● **Requirement**
Look through the entries below for the line with "reparation-fuite-toiture" and the line with "Architecture, Interior design", then give again exactly those two lines and all lines between them, minus the pictures.

● **Task input**
☆ ☆ ☆ ☆ ☆

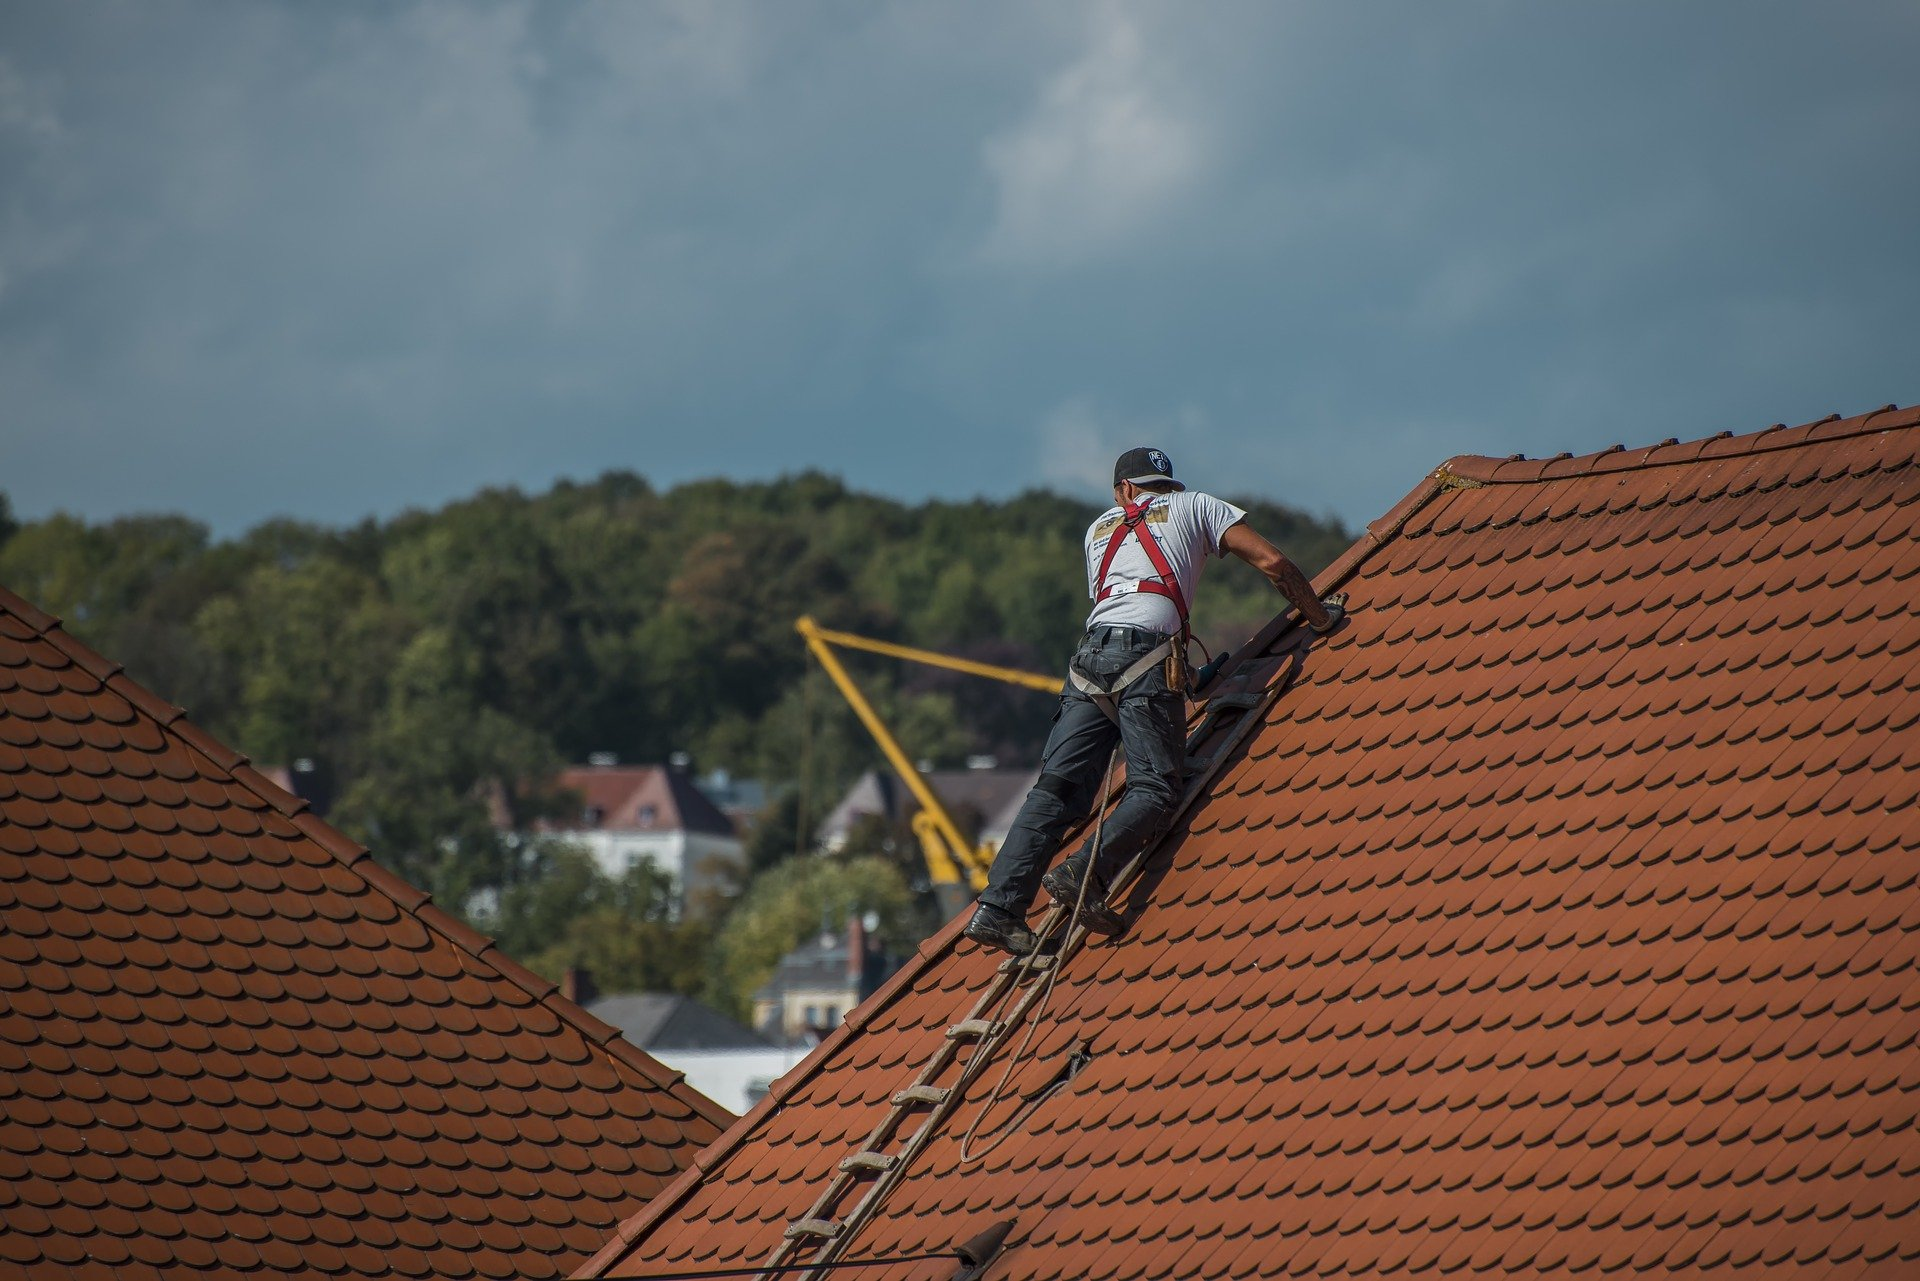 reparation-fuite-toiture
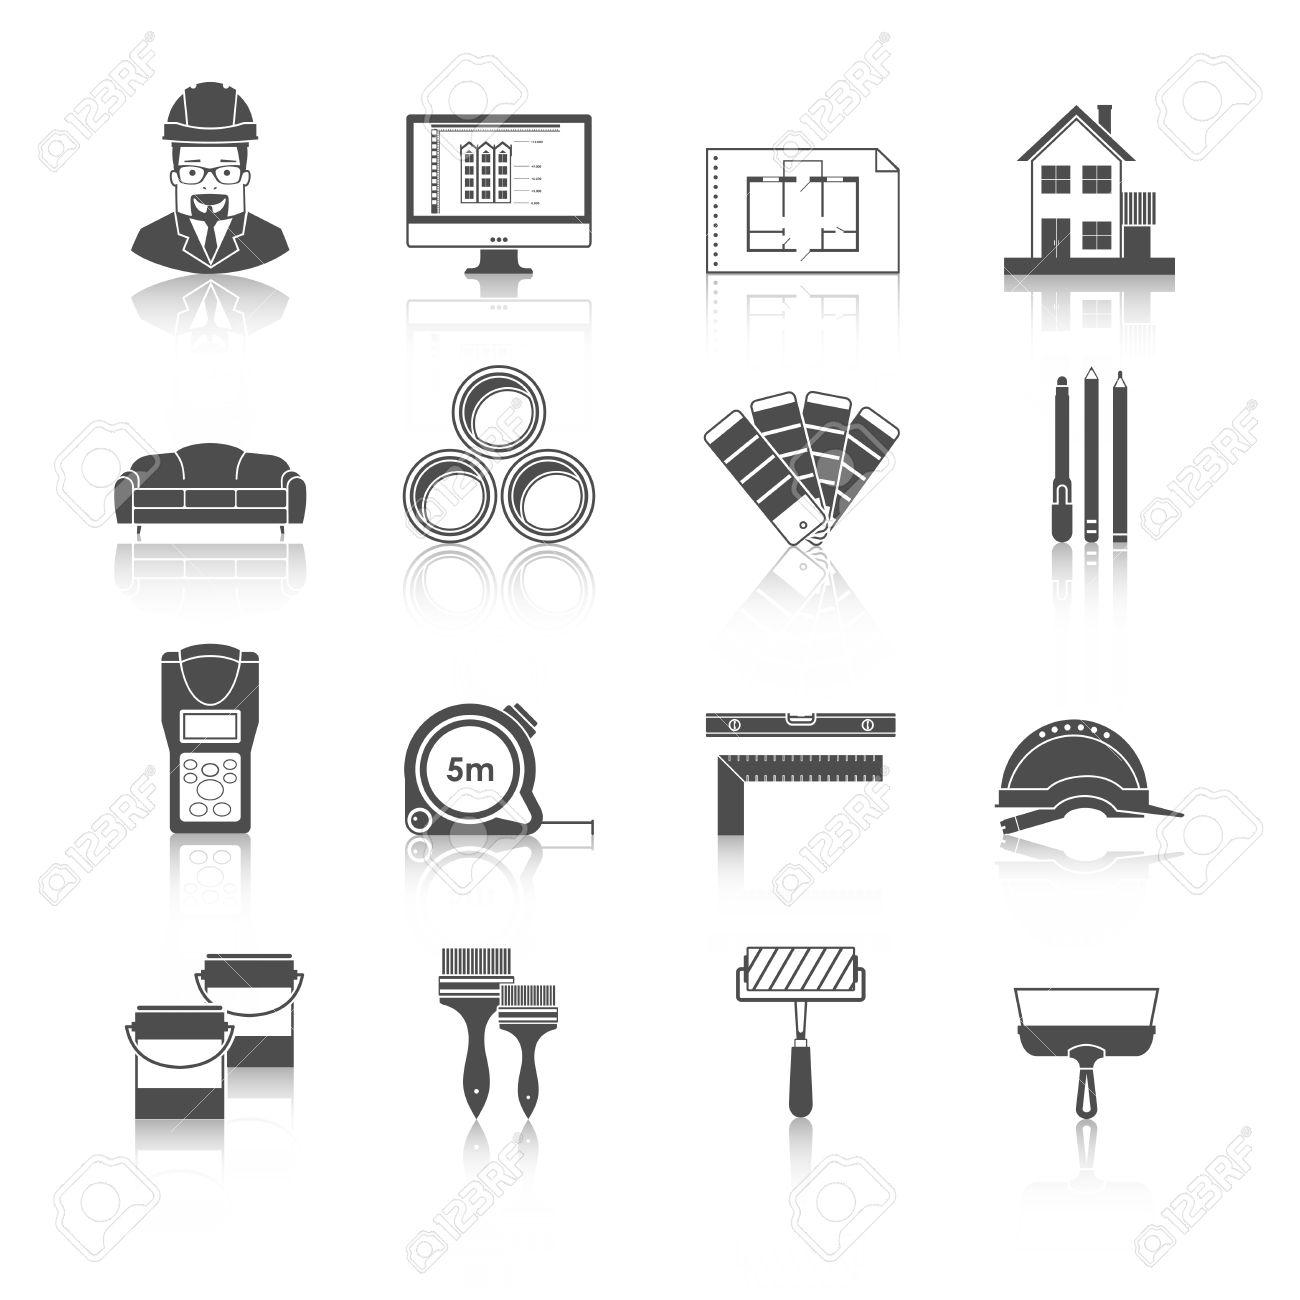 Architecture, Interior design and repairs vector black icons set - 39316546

☆ ☆ ☆ ☆ ☆

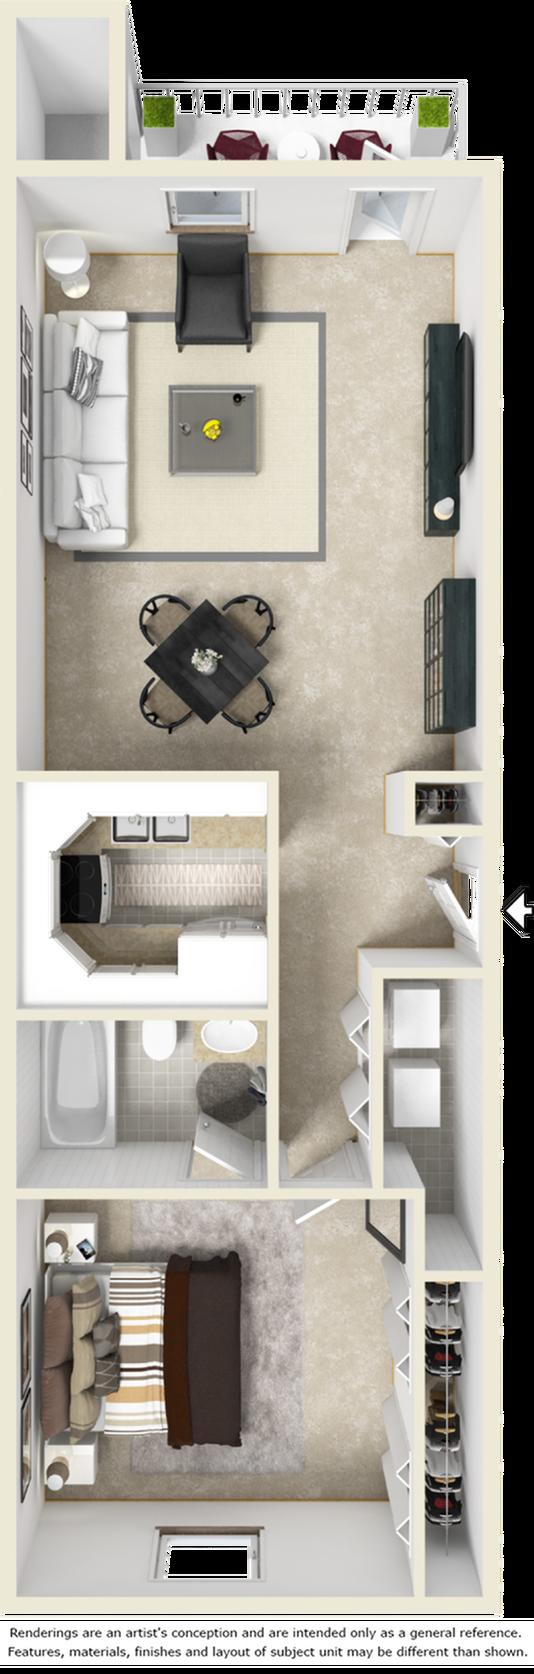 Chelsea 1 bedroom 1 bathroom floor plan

☆ ☆ ☆ ☆ ☆

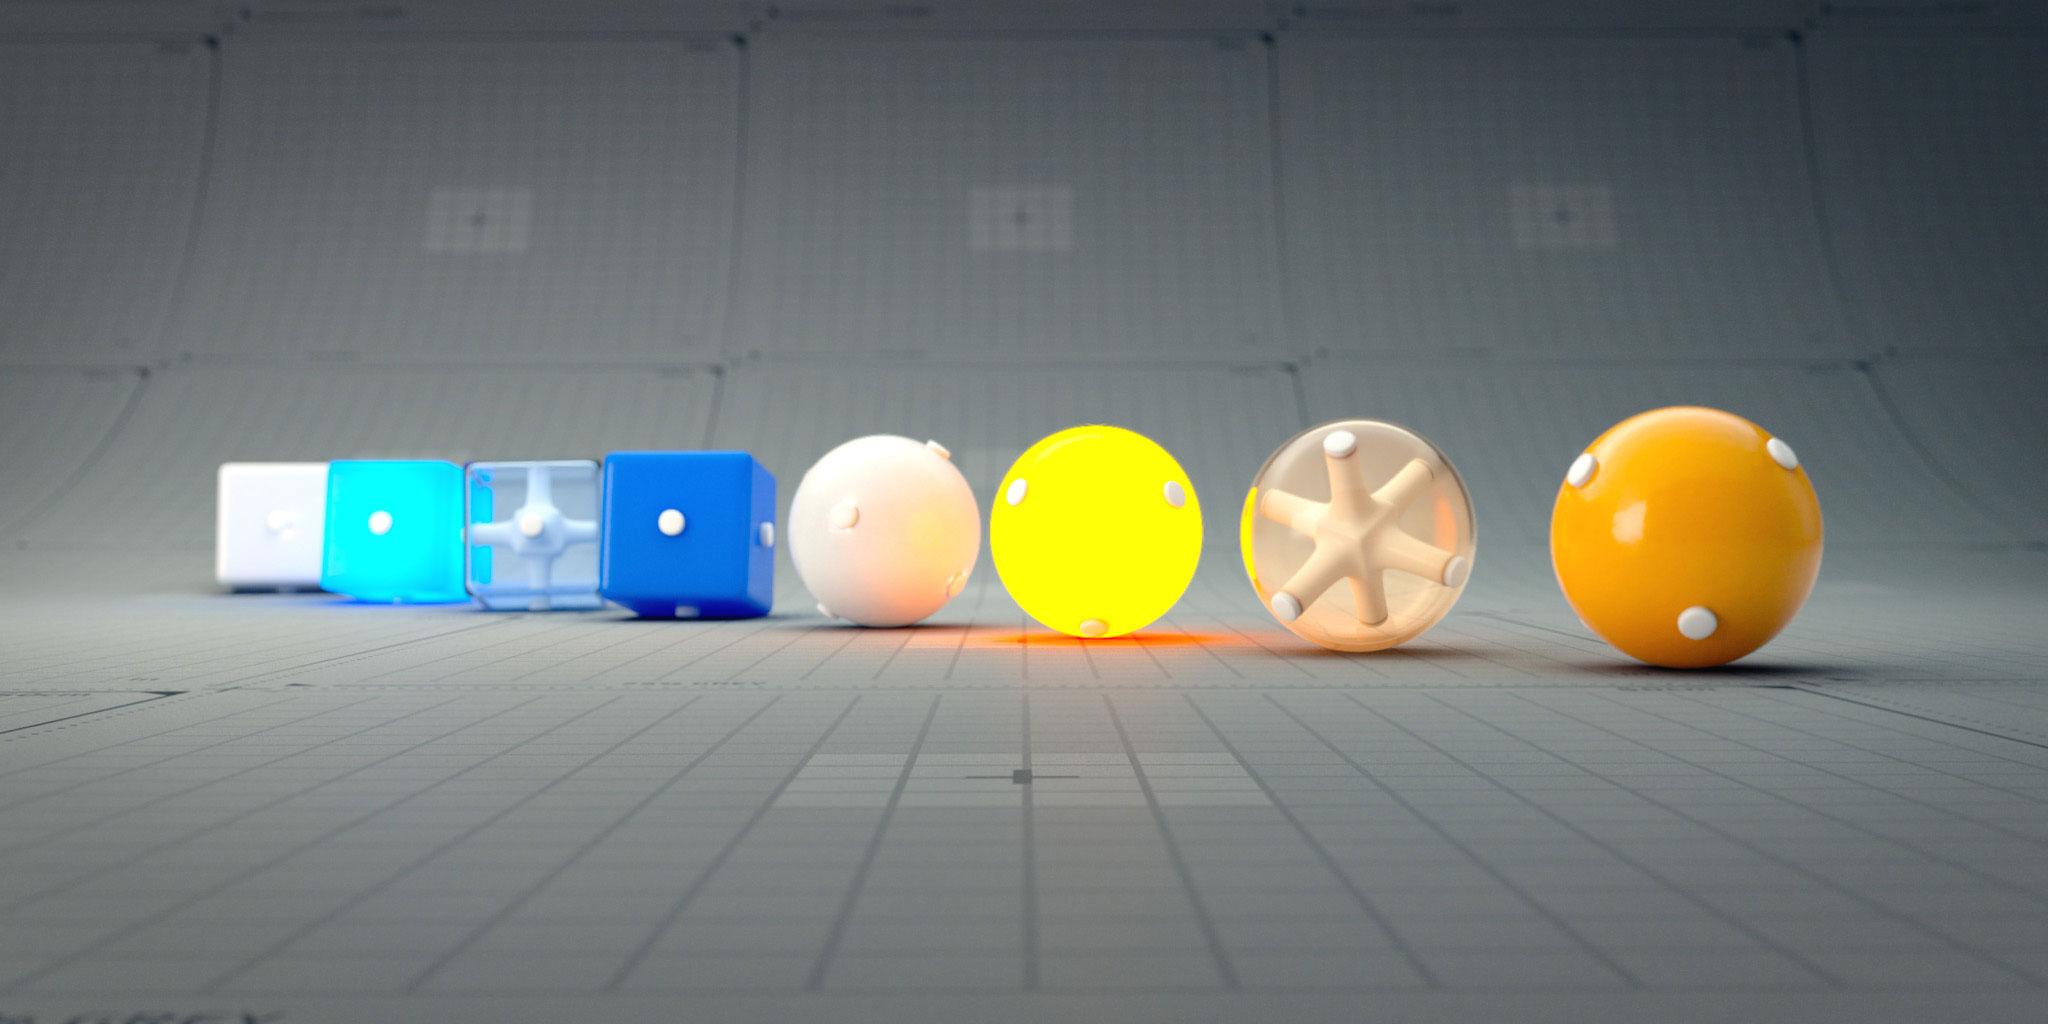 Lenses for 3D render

☆ ☆ ☆ ☆ ☆

● **Written reply**
 reparation-fuite-toiture
 Architecture, Interior design and repairs vector black icons set - 39316546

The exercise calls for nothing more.